**WHAT TO WORK ON**
Quote all lines below exactly. Images stay out.
++++ DATASET SECTION
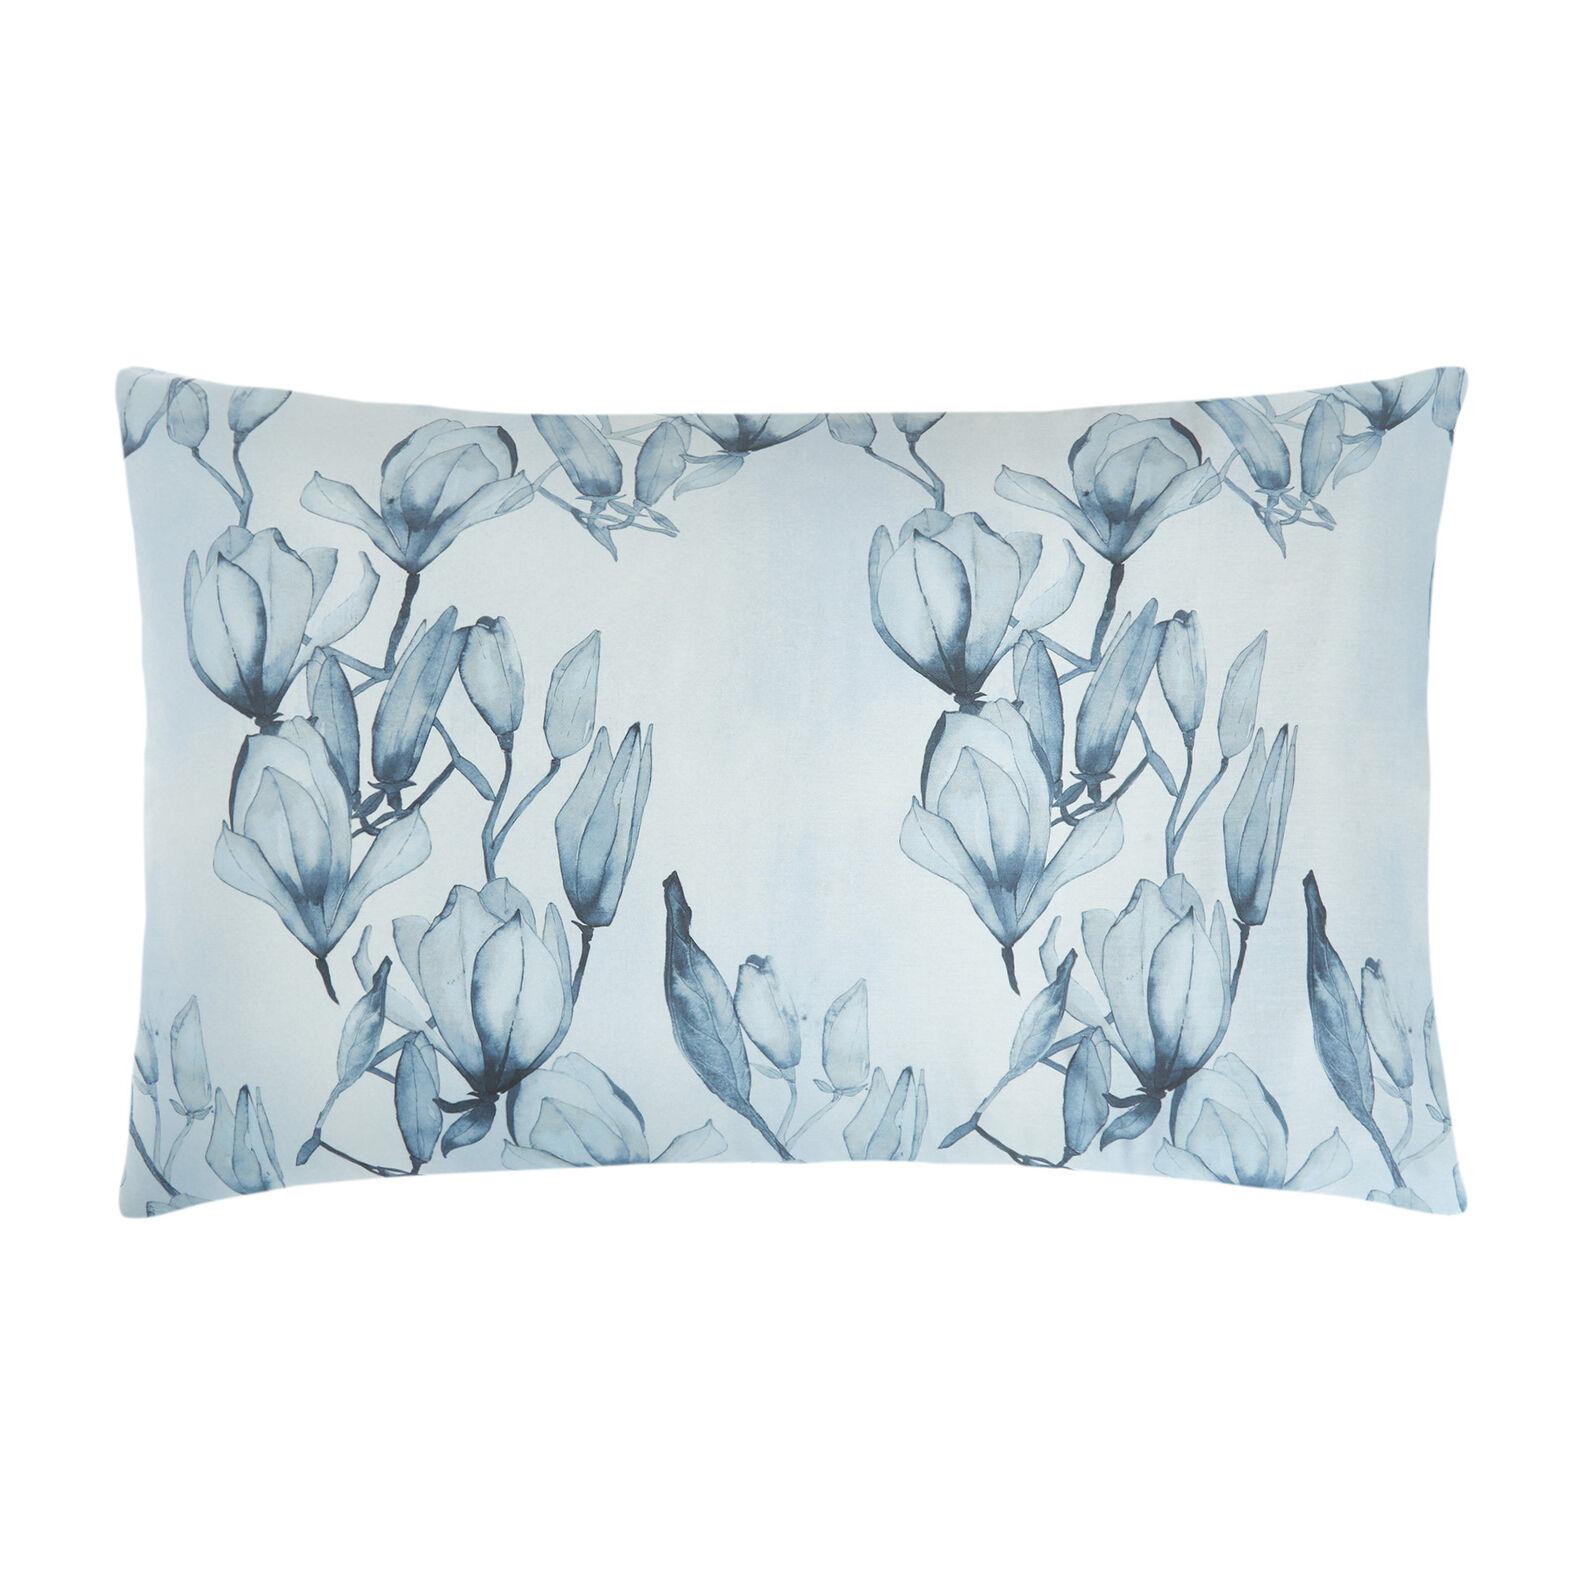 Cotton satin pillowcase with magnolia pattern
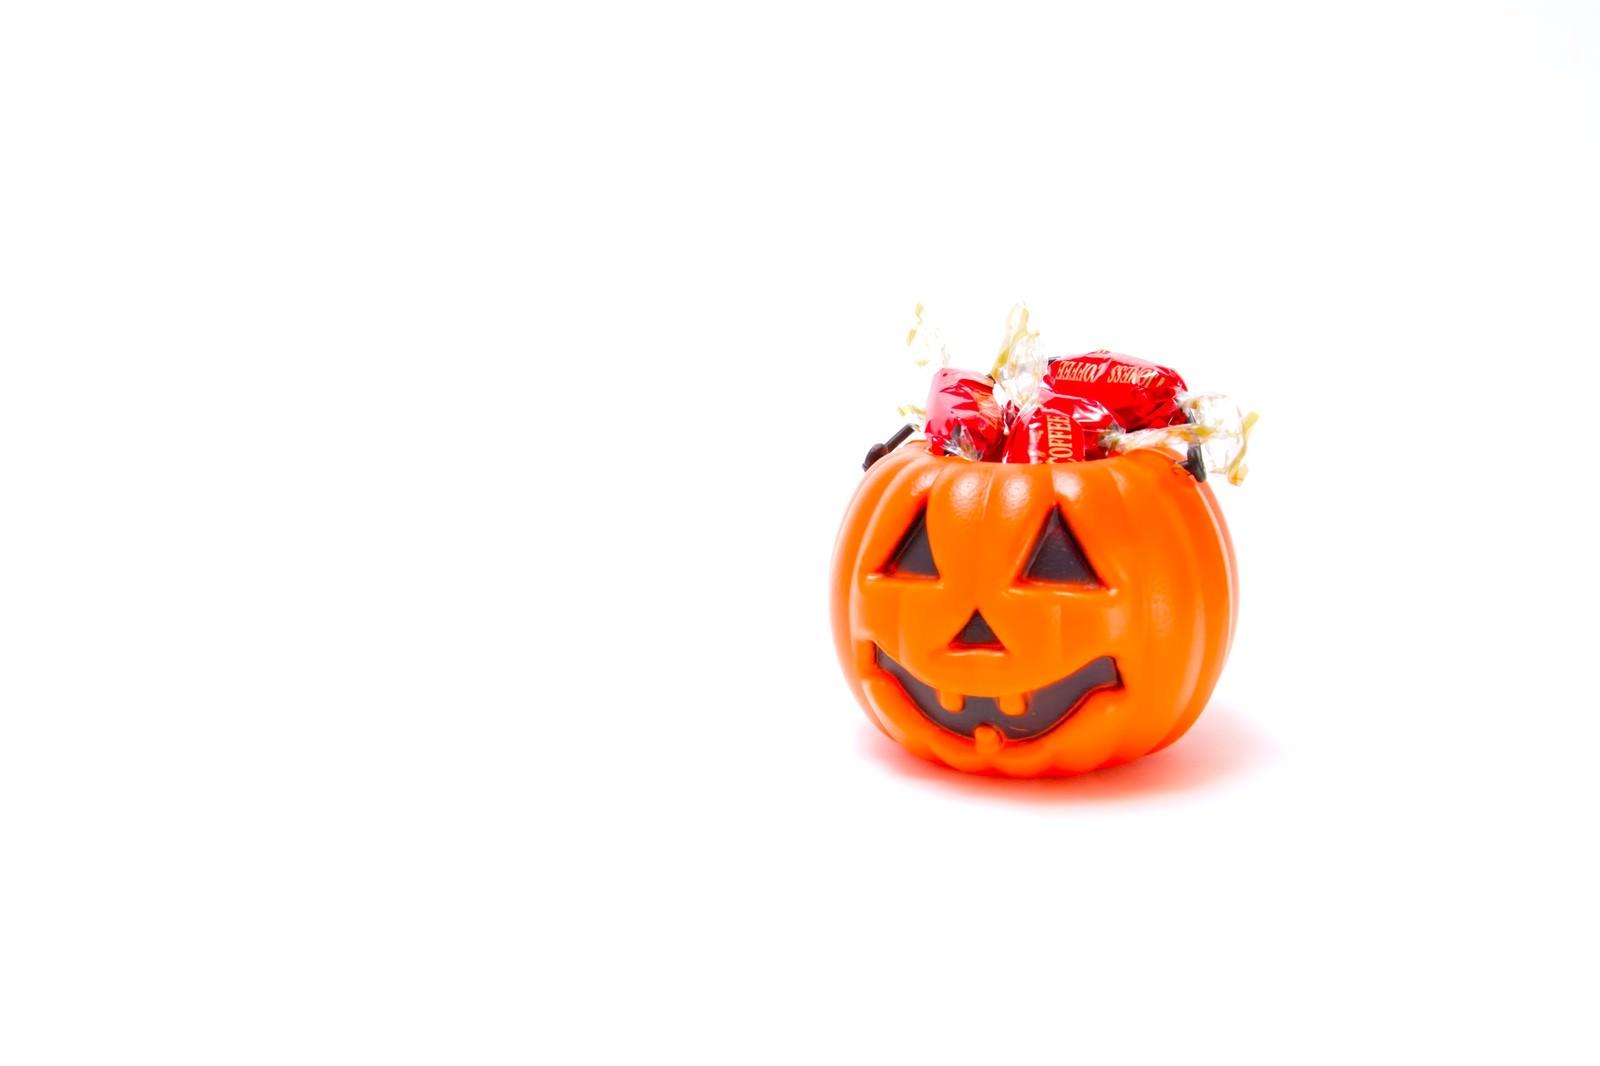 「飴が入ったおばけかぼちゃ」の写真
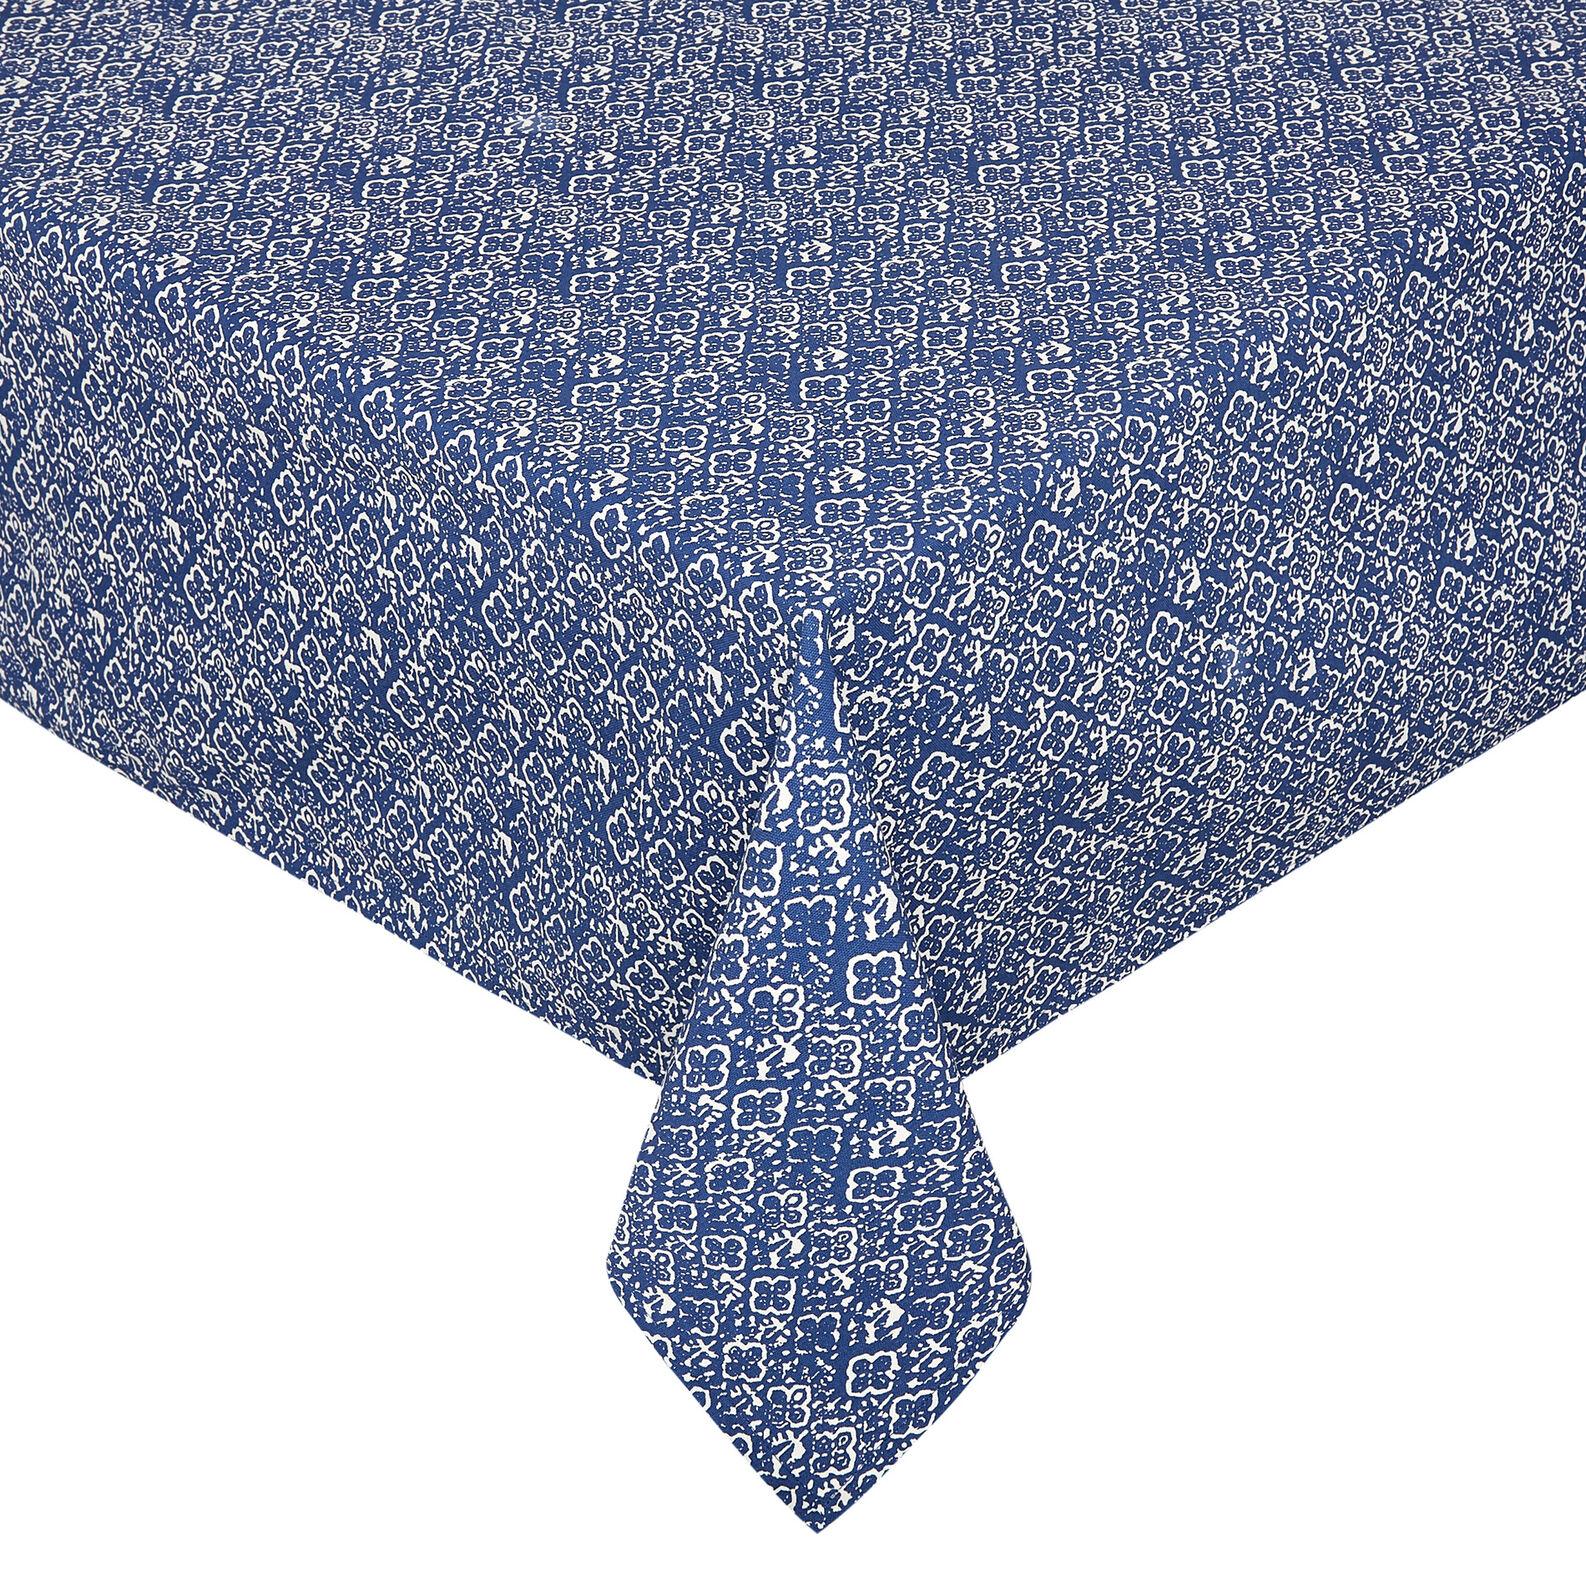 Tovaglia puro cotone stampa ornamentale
++++++++
**EXERCISE RESULT**
 Cotton satin pillowcase with magnolia pattern
 「飴が入ったおばけかぼちゃ」の写真
 Tovaglia puro cotone stampa ornamentale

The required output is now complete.